I’m trying to use a Hailo 8L chip in balena. In the Dockerfile for my container I am building the kernel module and downloading the Hailo device firmware. In the entrypoint I load this kernel module and copy the device firmware to /lib/firmware.
Everything seems to work well. The kernel module is loaded and the firmware is copied onto the device. In the host OS I see a /dev/hailo0 entry as expected, however I don’t see this in the container. If I restart the container, I do get a /dev/hailo0 in the container.
The container has privileged: true and the Dockerfile has UDEV=1, though I am not sure if that last one is necessary. The base image is balenalib/generic-aarch64:bookworm. I also tried balenalib/iot-gate-imx8plus-debian:bookworm (I am running this on a Compulab IOT-Gate device), but this didn’t fix my issue. My balenaOS version is balenaOS 6.3.12+rev3.
As far as I know, only privileged: true and io.balena.features.firmware: '1' should be necessary. The rest of this were tests to see if it made any difference, but it didn’t appear to be the case.
To summarize:
If I reboot my device, the entrypoint of my container correctly loads the kernel module and device firmware.
The device correctly shows up in the host OS.
The device does not show up in the container.
If I restart the container (balena restart <container_id>), the device does show in the container.
hi @hgaiser1 what I believe happens is that the container only has a snapshot of the devices available in the hostOS at container startup time - so when the /dev/hailo0 device appears in the hostOS after the driver load, the copy of the devices in the containers is not updated.
If you only need hotplug support, you can make your container replace tmpfs at /dev with a devtmpfs by running a privileged (or at least CAP_SYS_ADMIN) container and doing the following on its startup script:
#!/bin/sh
newdev='/tmp/dev'
mkdir -p "$newdev"
mount -t devtmpfs none "$newdev"
mount --move /dev/console "$newdev/console"
mount --move /dev/mqueue "$newdev/mqueue"

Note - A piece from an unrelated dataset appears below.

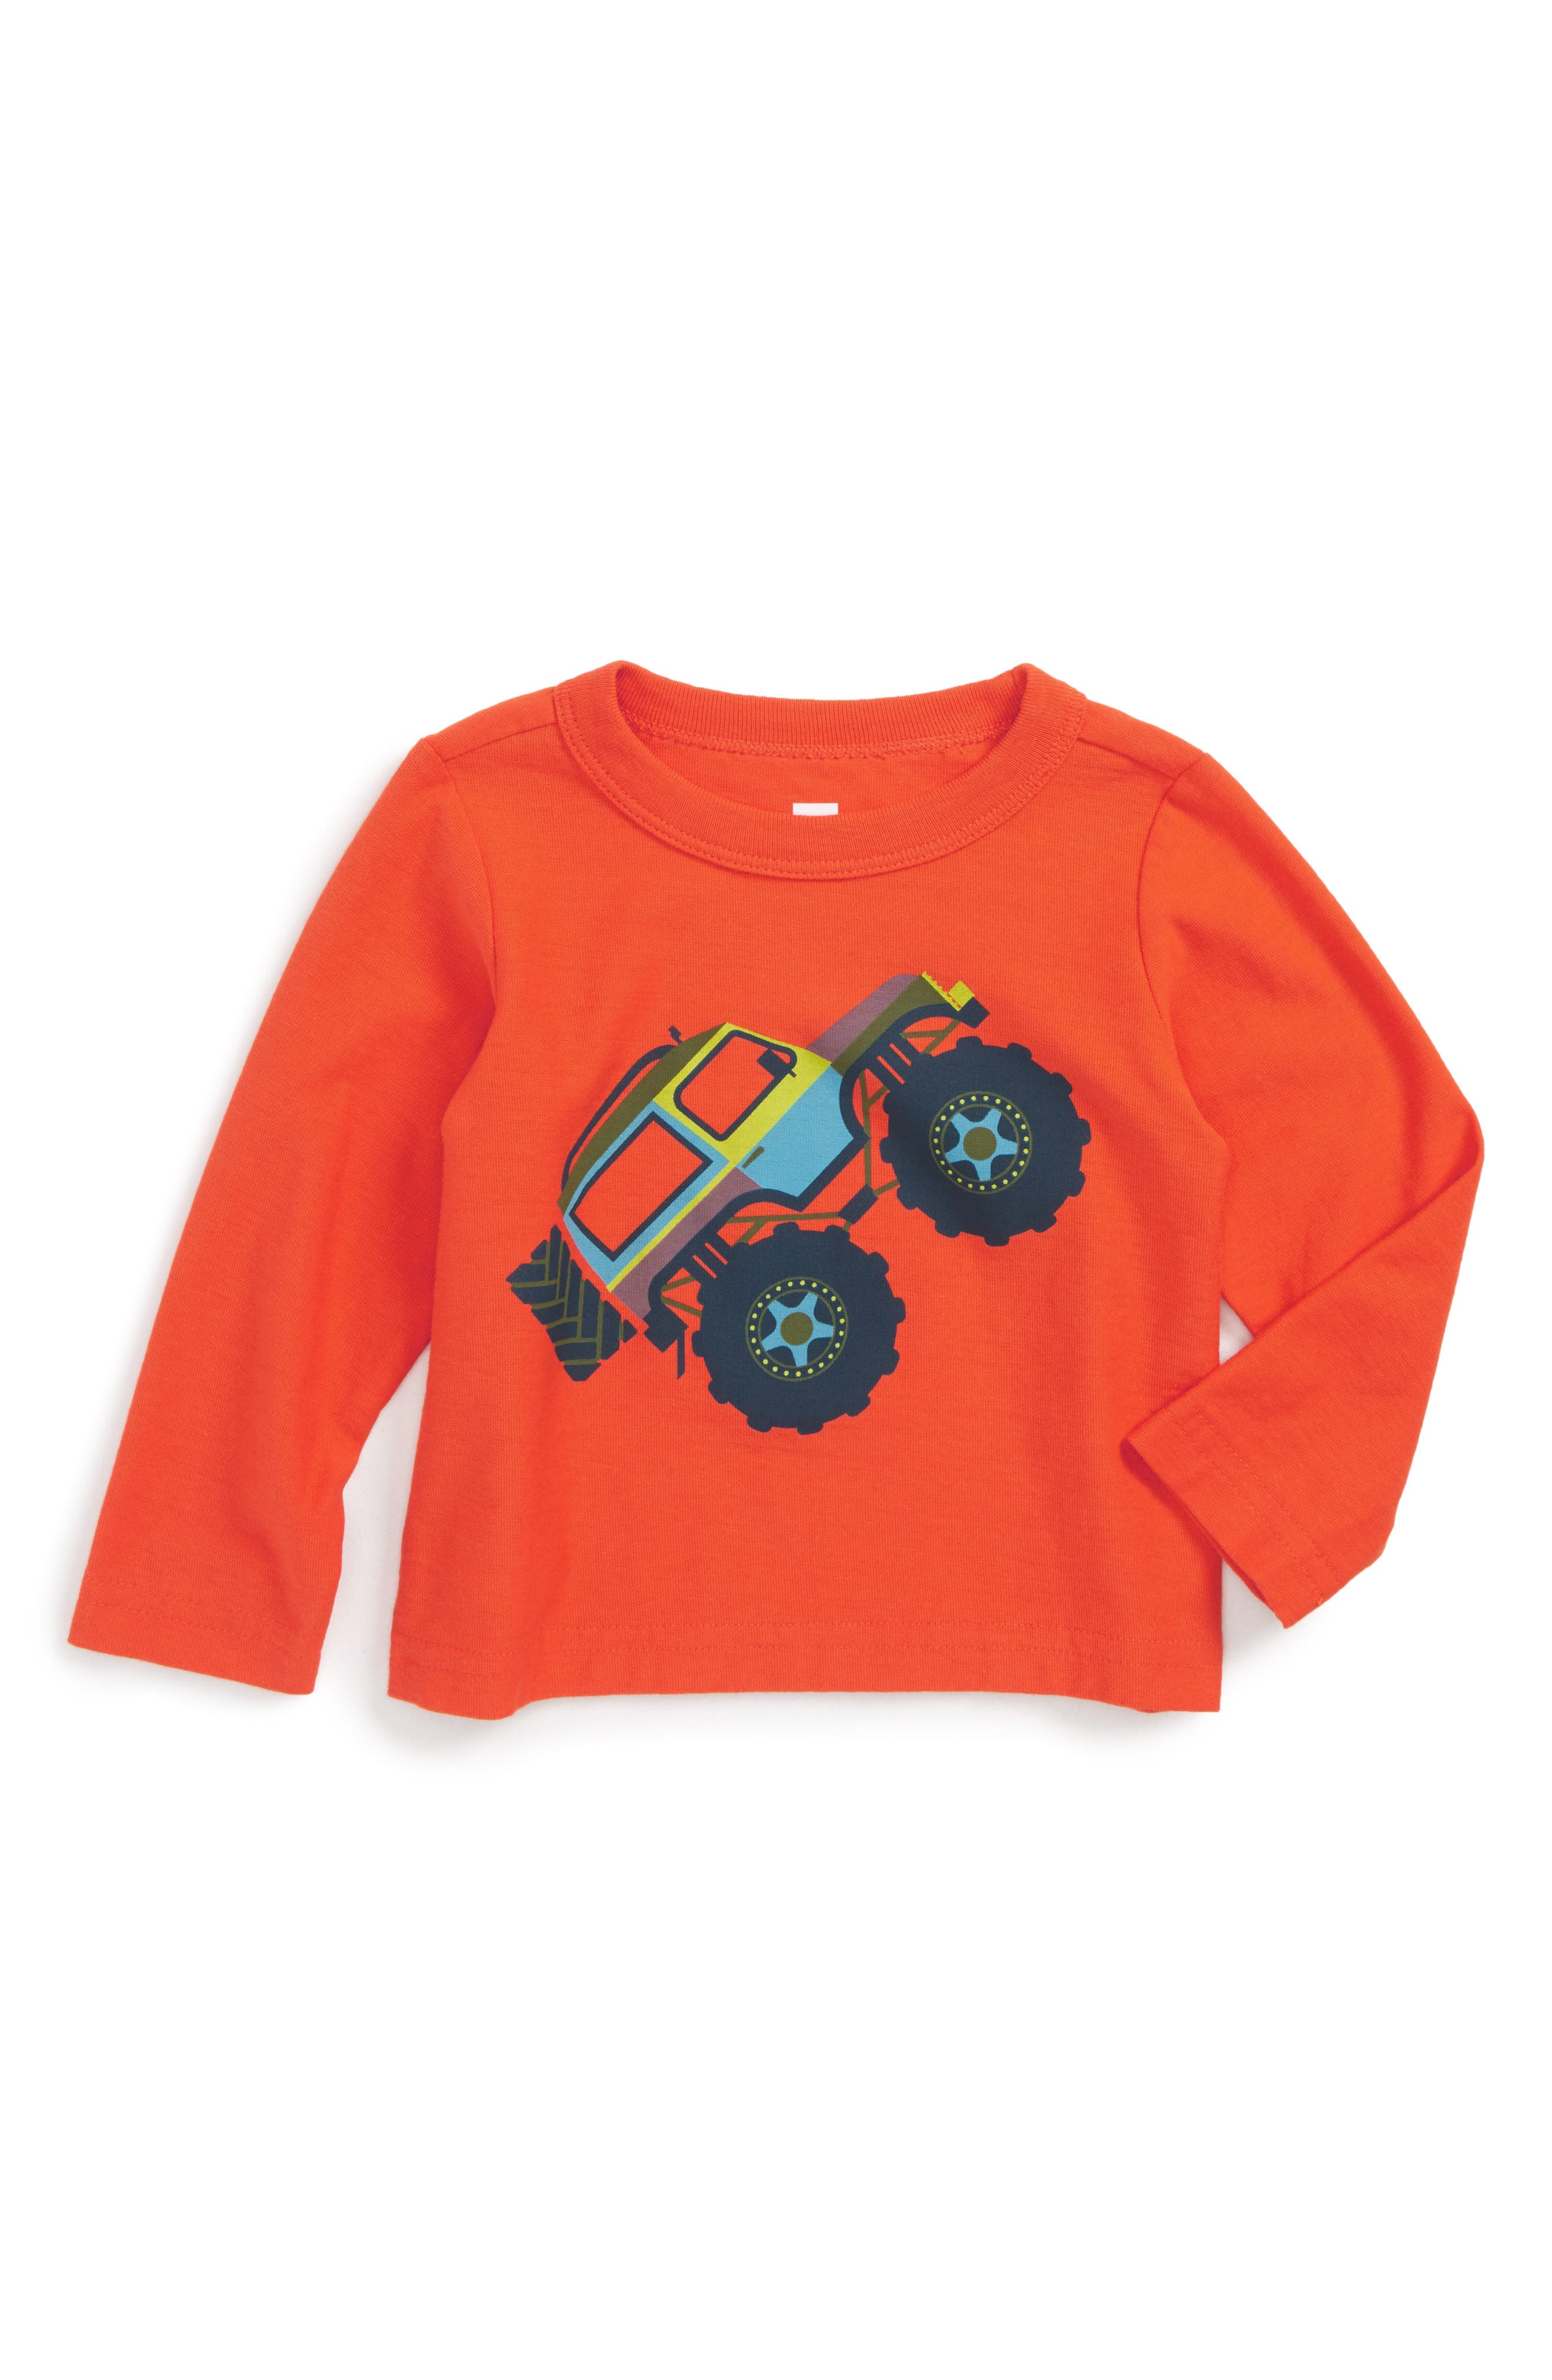 Ward Hill Graphic T-Shirt,                         Main,                         color, 604

mount --move /dev/pts "$newdev/pts"
mount --move /dev/shm "$newdev/shm"
umount /dev
mount --move "$newdev" /dev
ln -sf /dev/pts/ptmx /dev/ptmx
Be aware that enabling hotplugging of devices might be a security risk as the kernel might just enable HID like keyboards that can be used to exploit the system. I would explore maybe having a one-off service that loads the driver and then does not run again, and then have a lower privileged container start after using a dependency, like an inotify event.
Thanks for your response. I think you’re right that it only gets a snapshot of /dev. Why does this work for USB devices like keyboard and mouse? They get added after the container starts too. Is it because they are advertised through udev, for which there is support in the balena images?

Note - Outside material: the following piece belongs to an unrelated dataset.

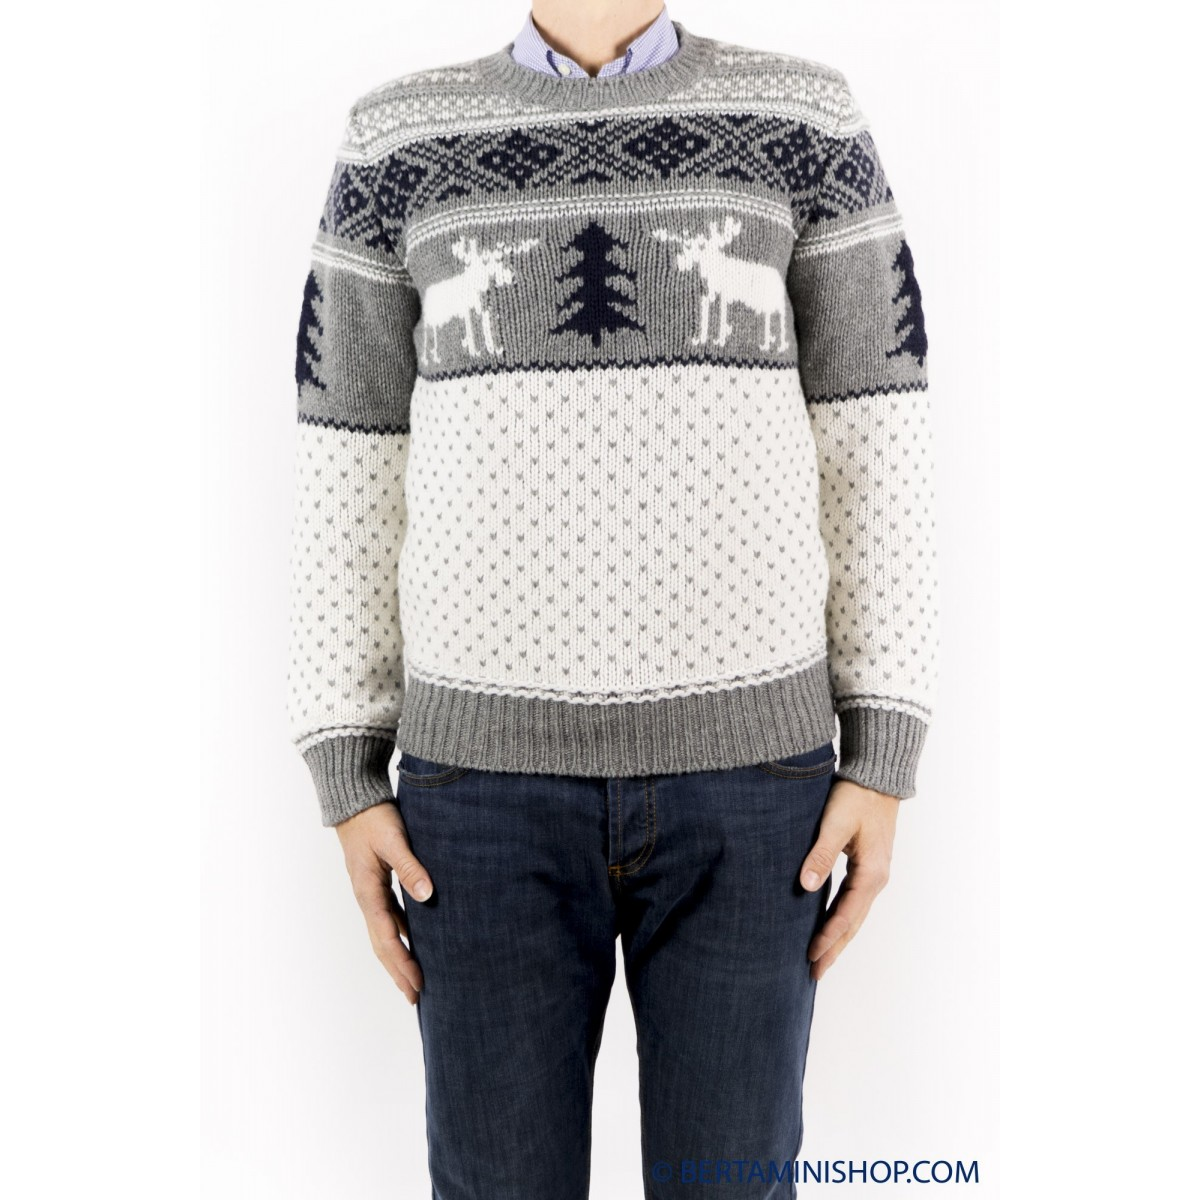 Maglia uomo Kangra - 9306/01 maglia 100% lana ricamata renna 32 - grigio medio

I like the idea of having a container setup the kernel module and firmware, and have another service that runs the actual application. Would a depends_on in docker-compose.yaml not work? (meaning the container that runs my application would depend on the container that loads the kernel module).
I suppose that is because these dependencies are already met the moment a container starts (so before it finished loading the kernel module). I will look into the inotify event like you said, though if you have some reference to go by that would be appreciated :).

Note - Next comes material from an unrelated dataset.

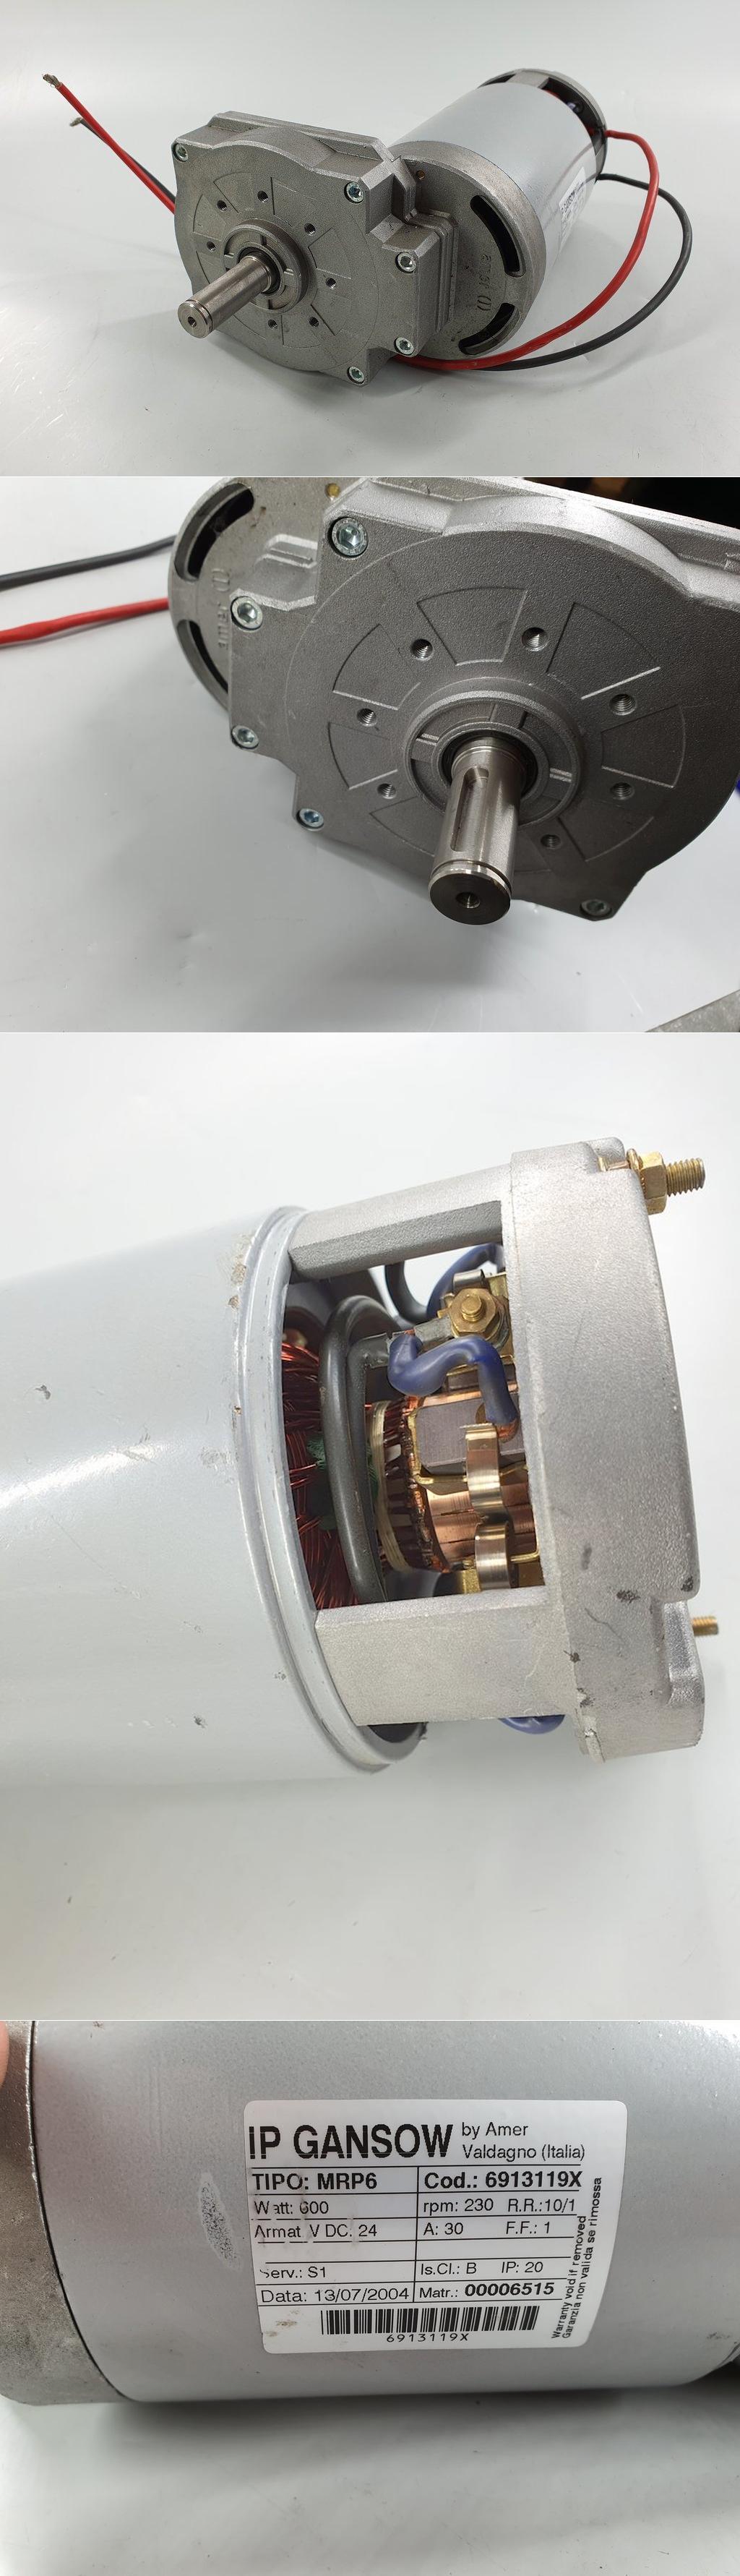 PQ174 Gleichstrommoter Getriebe Gansow MRP6 24V DC 600W 230U min

Why does this work for USB devices like keyboard and mouse?
if you are using balenalib images with UDEV=1 I would expect udev to take care of these. You could probably also make udev work for your use case, but the balenalib images have other problems.
Would a depends_on in docker-compose.yaml not work?
I suspect depends_on will start the dependant container right after the first one starts without waiting for the actual node to be ready leading to race conditions.
I will look into the inotify event like you said, though if you have some reference to go by that would be appreciated
Basically you install inotify-tools and you add something like this to your entry script:
That will make the container wait until the filename is created inside workdir. It may work directly for /dev, but if not you can always have a shared volume where one container creates a flag file to signal the other.
I would expect the inotify event to require a shared volume to work (with a “flag” file), since the dev device will never be created inside the container when the kernel module gets loaded. I would expect the inotify event to wait forever.
Would it work (and does it seem reasonable) if the application container checks if the dev device exists (in the entrypoint) and exits if it doesn’t? The container restart policy should kick in and it will just keep restarting until the dev device exists, correct? I could add a sleep if it doesn’t exist to make it restart less frequently.
The restart mechanics seems to work fine for me. Let me know if there is anything wrong with this approach, otherwise I think that will be the cleanest way to go forward.